Bond dissociation energy and electronic spectroscopy of Cr+(NH3) and its isotopomers.

The electronic spectra of Cr+(NH3), Cr+(ND3), and Cr+(15NH3) have been measured from 14 200 to 17 400 cm-1 using photodissociation spectroscopy. Transitions are predominantly observed from the 6A1 ground state, in which the Cr+ has a 3d 5 electronic configuration, to the B ̃ 6E (Π) state (3d 44s). There is extensive vibronic structure in the spectrum due to a long progression in the Cr-N stretch and transitions to all six spin-orbit levels in the upper state. The spin-orbit splitting in the excited state is observed to be Aso' = 39 cm-1. For the lowest spin-orbit level, the Cr-N stretching frequency in the excited state is 343 cm-1, with an anharmonicity of 4.2 cm-1. The 6E (Π) origin is predicted to lie at T0 = 14 697 cm-1. The first peak observed is due to v' = 1, so the observed photodissociation onset is thermodynamic rather than spectroscopic, giving D0(Cr+-NH3) = 14 830 ± 100 cm-1 (177.4 ± 1.2 kJ/mol) and D0(Cr+-ND3) = 15 040 ± 30 cm-1 (179.9 ± 0.4 kJ/mol).

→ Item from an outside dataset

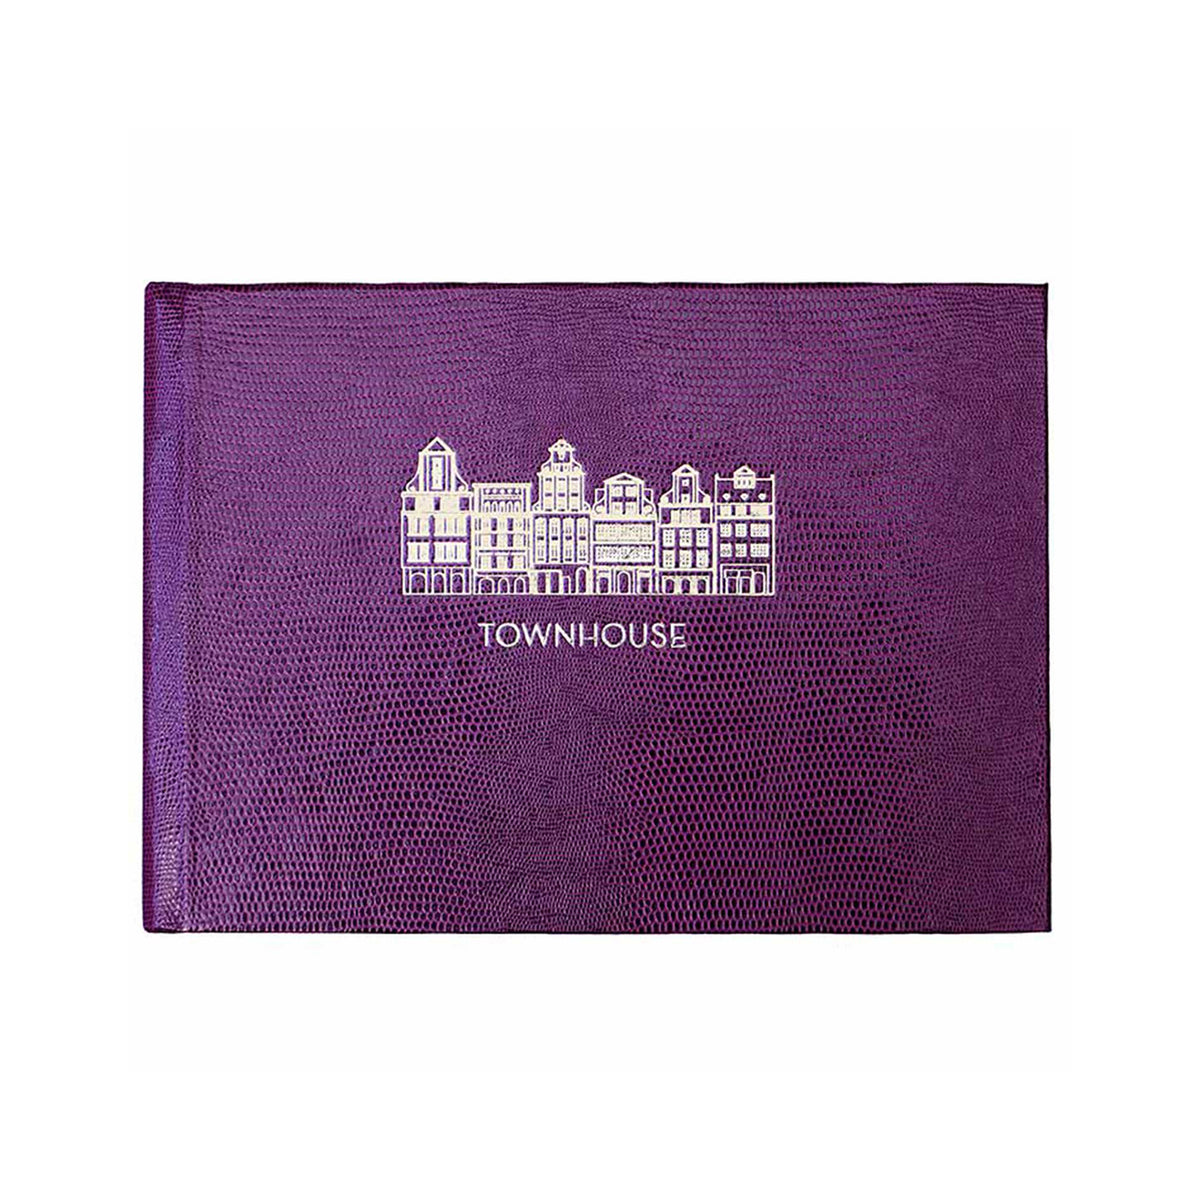 Sloane Stationery Townhouse Guest Book
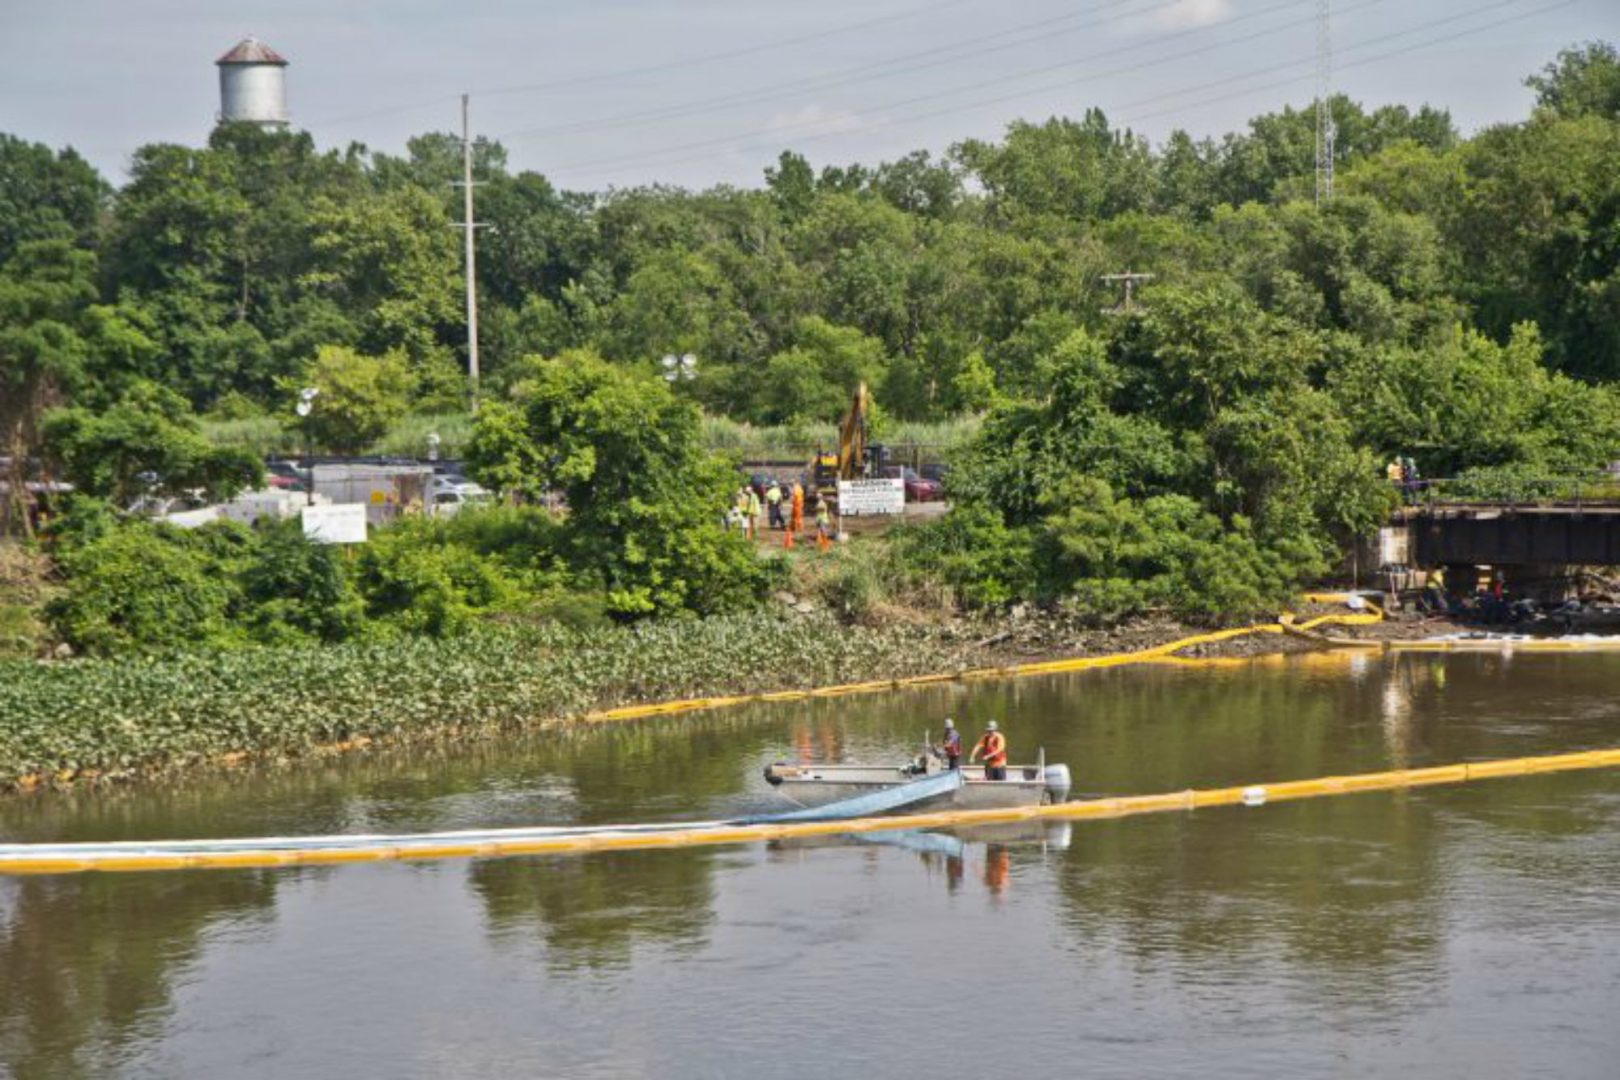 An environmental cleanup crew works to remove fuel from a spill in Darby Creek in Tinicum Township, Pennsylvania, near the Philadelphia International Airport. Sunoco plans to use this same line to ship natural gas liquids until construction along the Mariner East 2 is completed.

The 6E (Π) state of Cr+(NH3) is ∼2740 cm-1 less strongly bound than the ground state, and the Cr-N bond length increases by 0.23 ± 0.03 Å upon electronic excitation. Calculations at the time-dependent density functional theory (M06) and equations of motion coupled cluster, with single and double excitations (EOM-CCSD) level fairly accurately predict the energy and vibrational frequency of the excited state. Multi-reference configuration interaction calculations show how the spin-orbit states of Cr+(NH3) evolve into those of Cr+ + NH3.